"Waar denken jullie aan als je aan een kasteel denkt?". Deze vraag stelde ik aan mijn reisgenoten. Het leverde de volgende lijst met kenmerken op: slotgracht, wachttorens, poort, binnenplaats, rijkdom en vergane glorie. Laat Wales nu reclame maken dat het meer dan 600 kastelen beschikbaar heeft dus moet er wel één bij zijn die past in deze lijst. Op basis van een plaatje in een folder en de afstand kiezen we voor Castle Caerphilly in het gelijknamige stadje.
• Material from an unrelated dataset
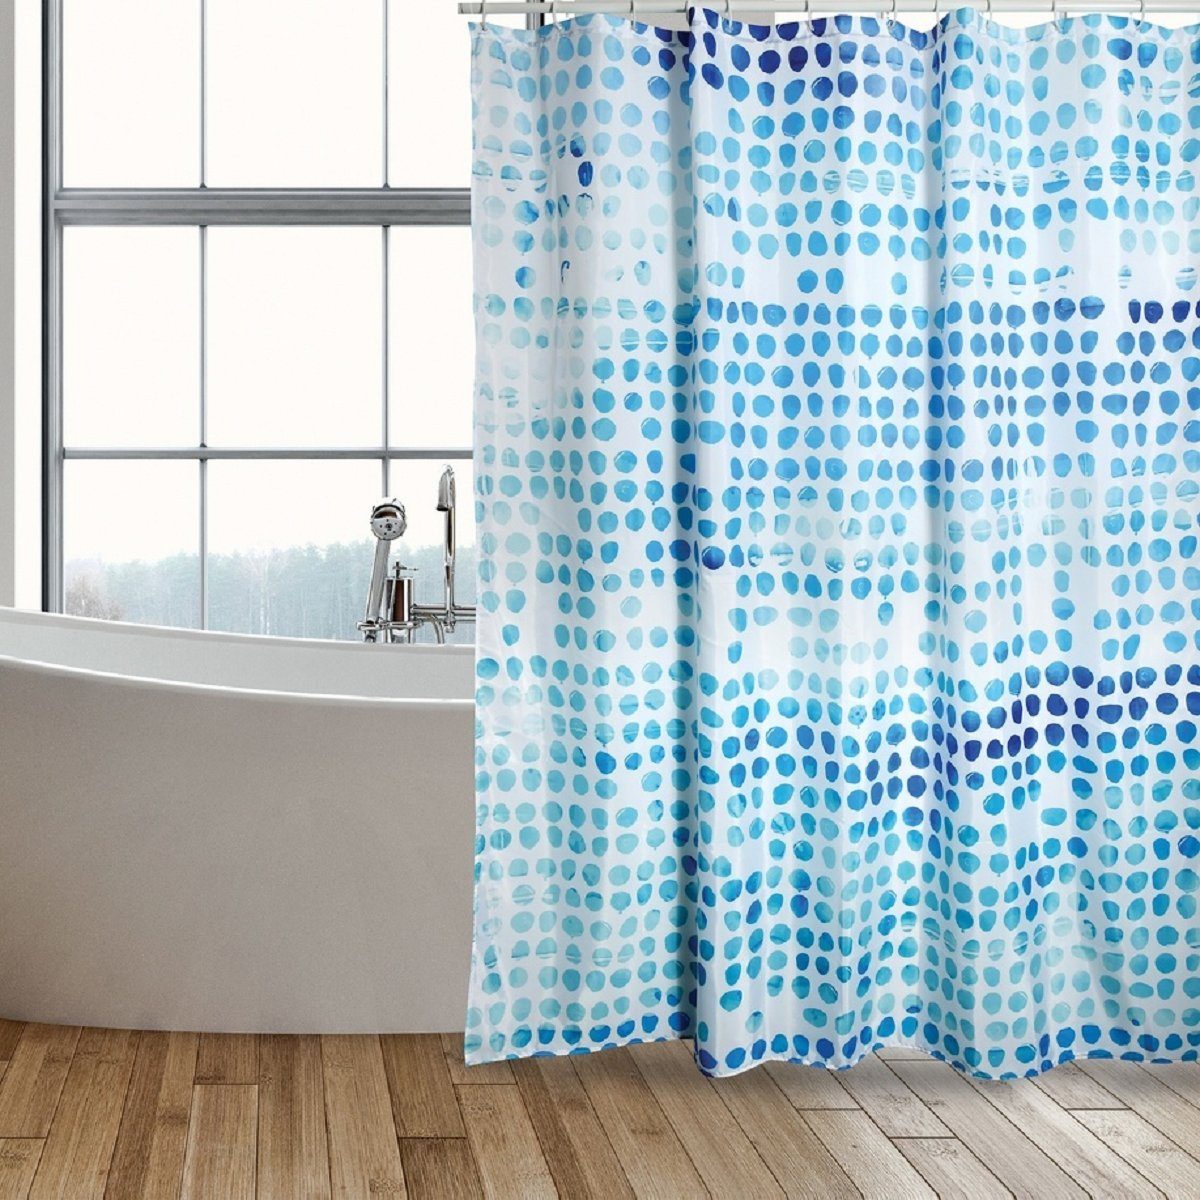 MSV Duschvorhang WATERCOLOR Breite 180 cm, Textil-Duschvorhang, 100% Polyester, wasserabweisend, Anti-Schimmel-Effekt, waschbar 30°, Farbe weiß / blau, 180 x 200 cm
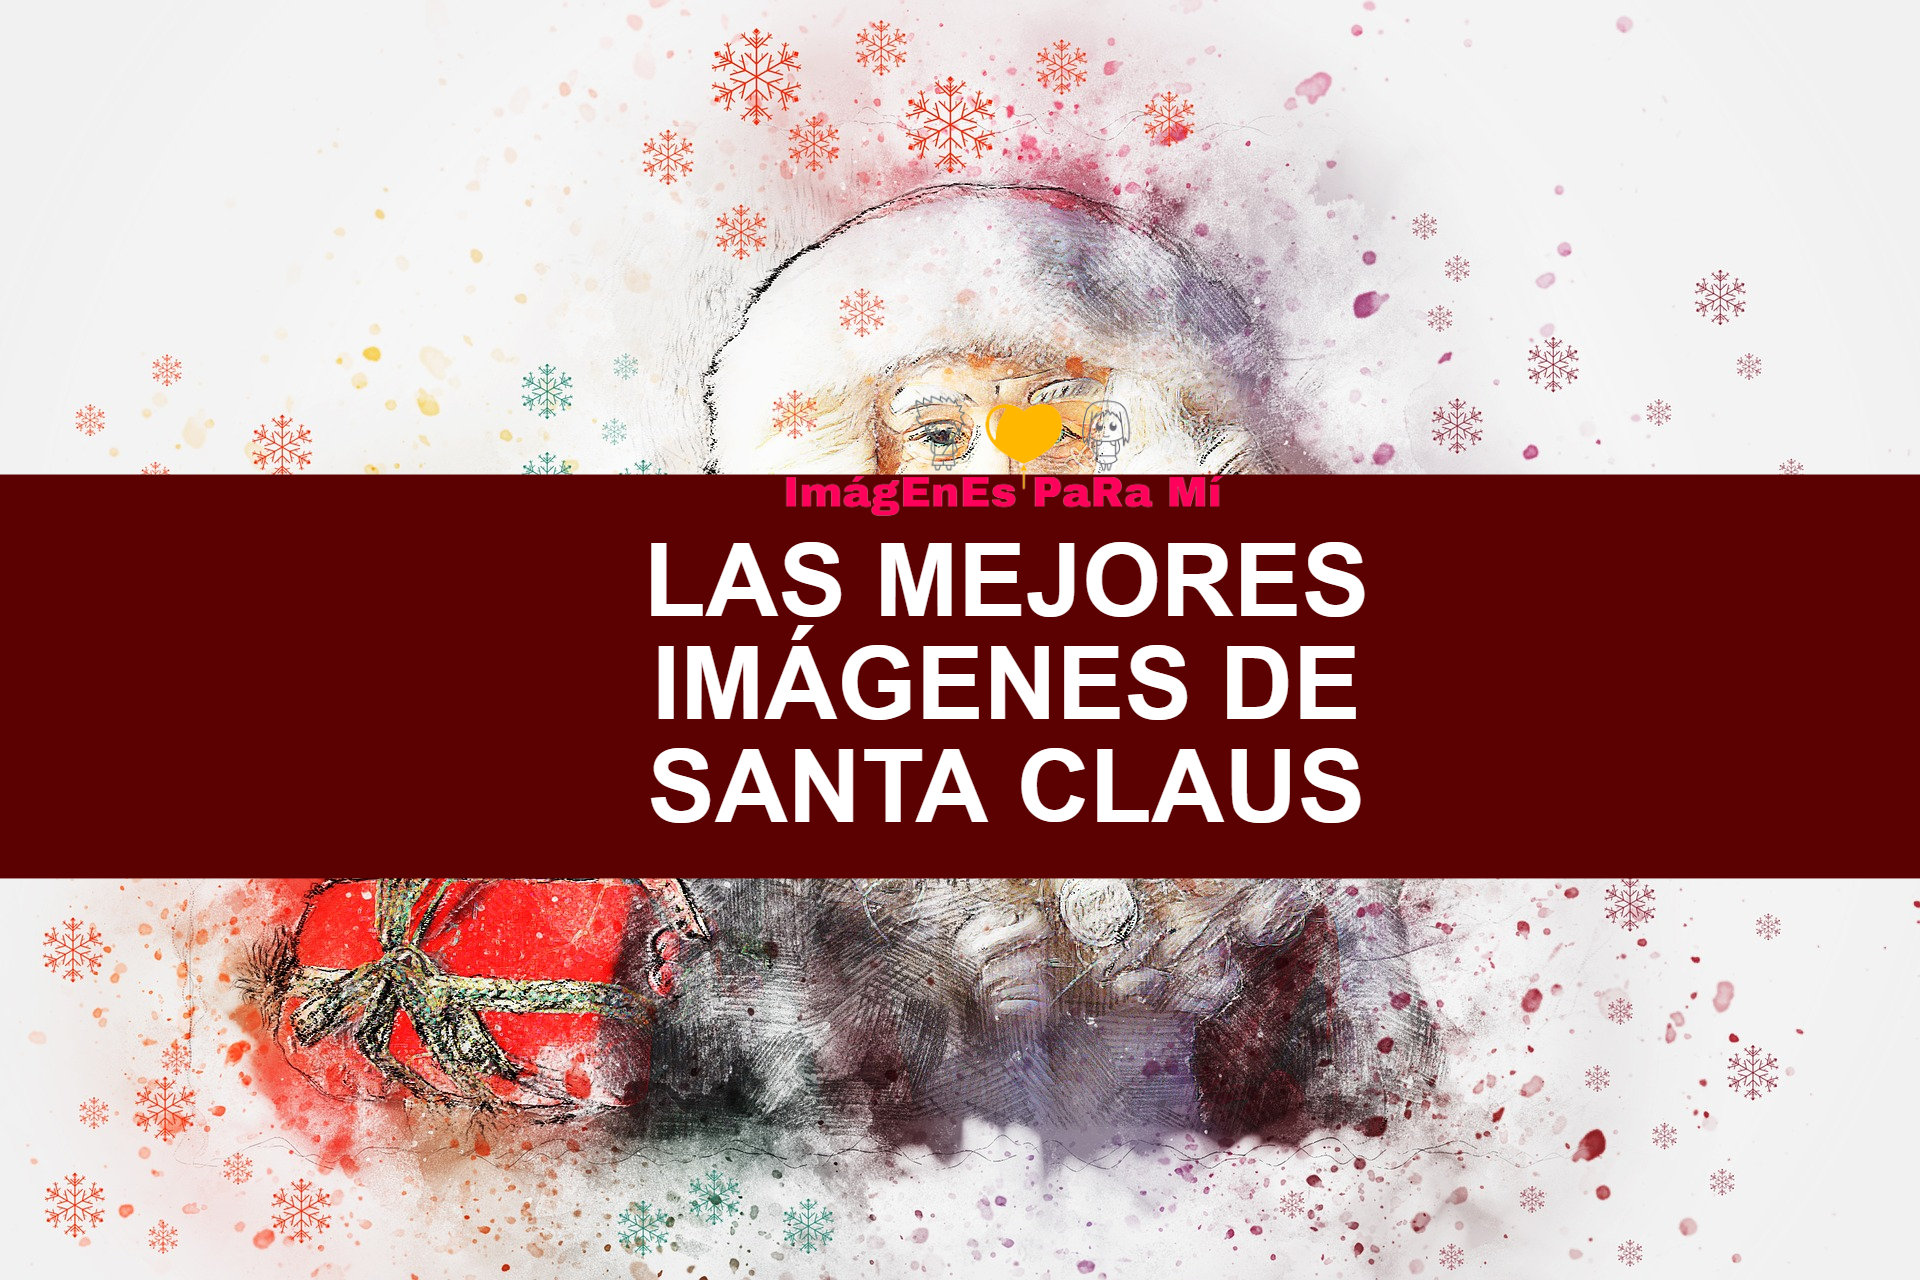 En este momento estás viendo Las Mejores Imágenes de Santa Claus para compartir con tus familiares y amigos

Over het stadje Caerphilly kan ik kort zijn: de reis niet waard ook al is Tommy Cooper er geboren.
Maar het kasteel wat midden in de stad ligt is de reis zeer zeker wel waard. Het kasteel heeft alle kenmerken waaraan, volgens de familie Rommens, een goed kasteel moet voldoen.
Allereerst de slotgracht: dit kasteel heeft er zelf (een soort van) twee. Om het gehele kasteel staat water, op de meeste plaatsen veel breder dan een standaard slotgracht. Aan de zijde van de hoofdingang staat over de gehele lengte nog een lange brede muur. En tussen deze muur en de stad loopt ook nog water. Door al dit water is het gehele kasteelcomplex 12 ha groot. Hierdoor is het meteen het grootste kasteel van Wales.
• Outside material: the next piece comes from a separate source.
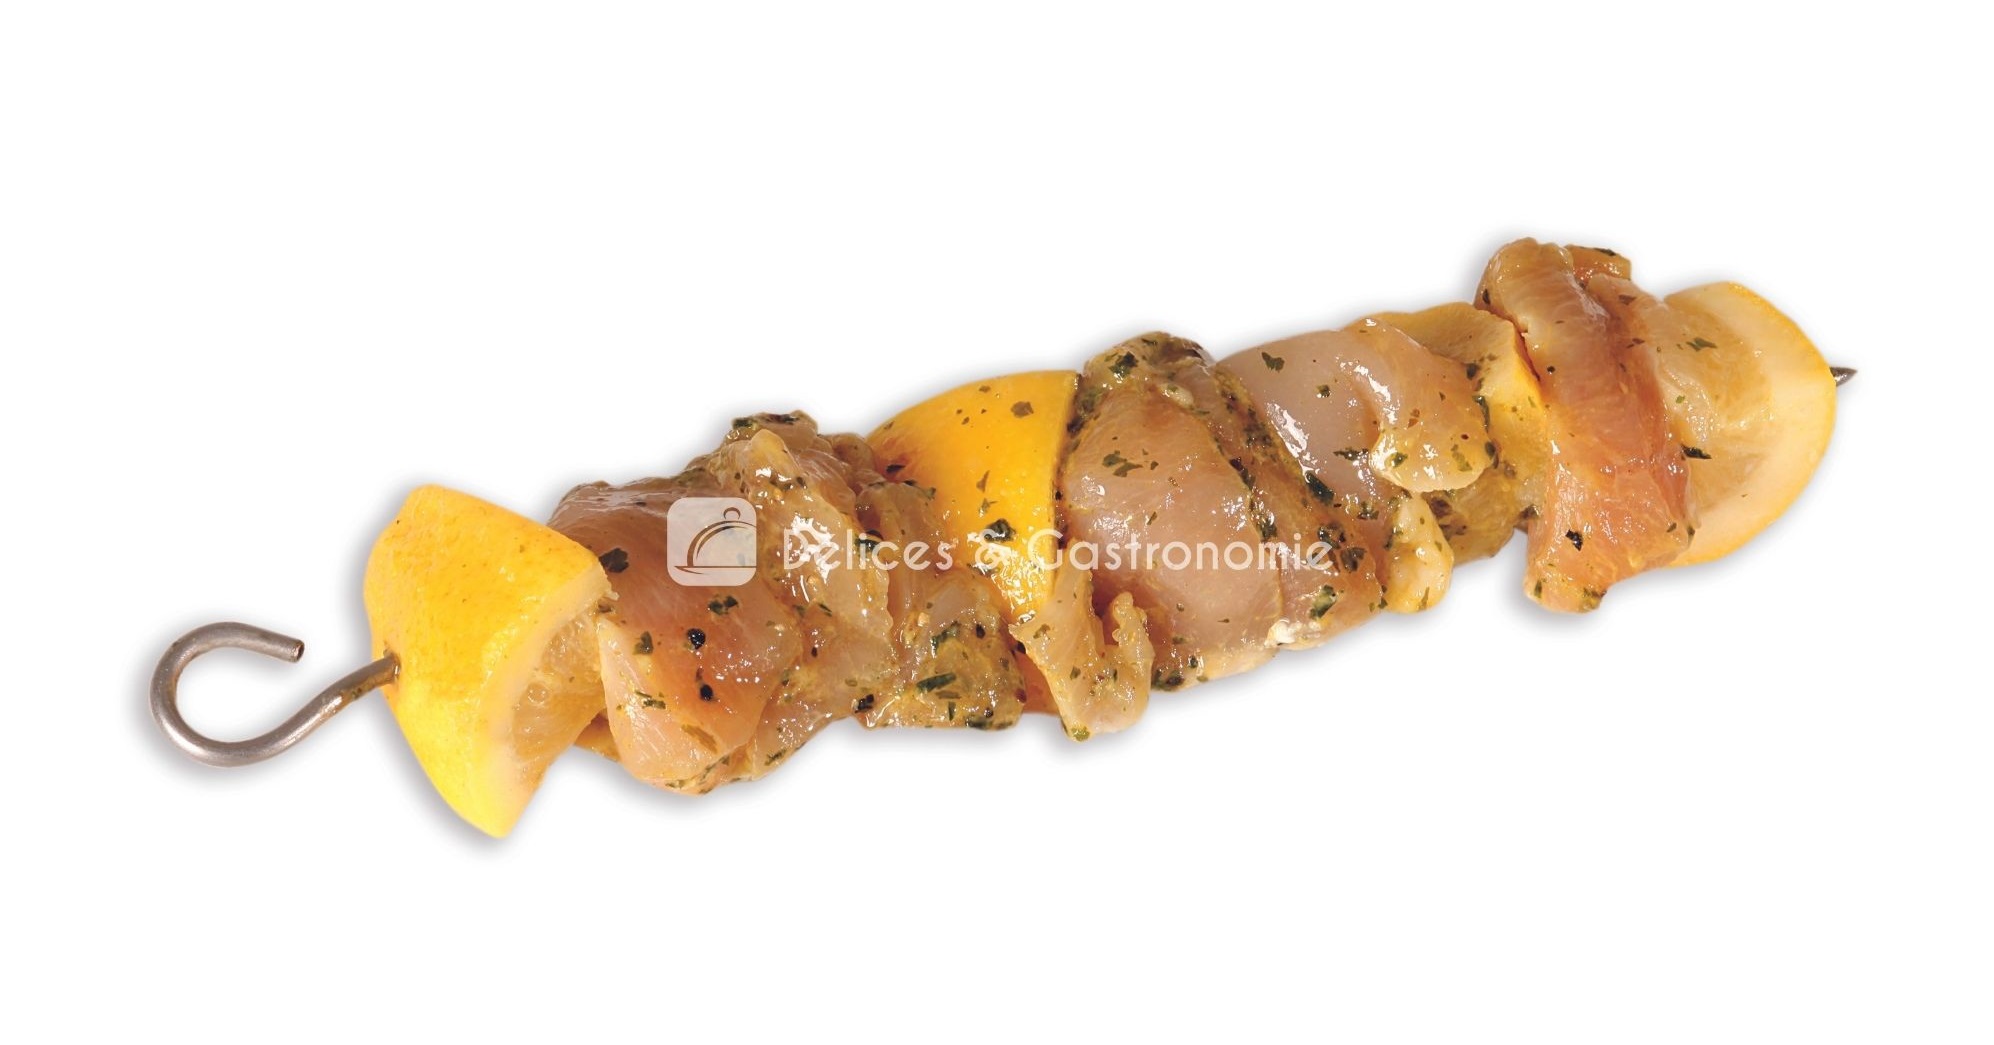 Brochette-de-filet-de-poulet-et-citron-marine-aux-herbes-10286-RBH-Delices-Gastronomie-1

Wachttorens: vier stuks waarbij één toren Pisa-neigingen heeft. Het omvallen wordt dapper door stoere mannen voorkomen.
Binnenplaats: met een beetje verbeelding hoor je de paarden hinniken, de harnassen rammelen en de minstreel een soort van muziek maken.
Rijkdom: dit gaat samen met de vergane glorie, met andere woorden er is, op één grote eetzaal na, niet veel meer van terug te vinden. Maar met de nodige fantasie hebben we wel het idee dat hier geen arme sloeber gewoond heeft.
We geloven niet in: "You see one, you see them all", dus mogelijk pakken we ergens anders in de beurt nog wel een kasteeltje mee.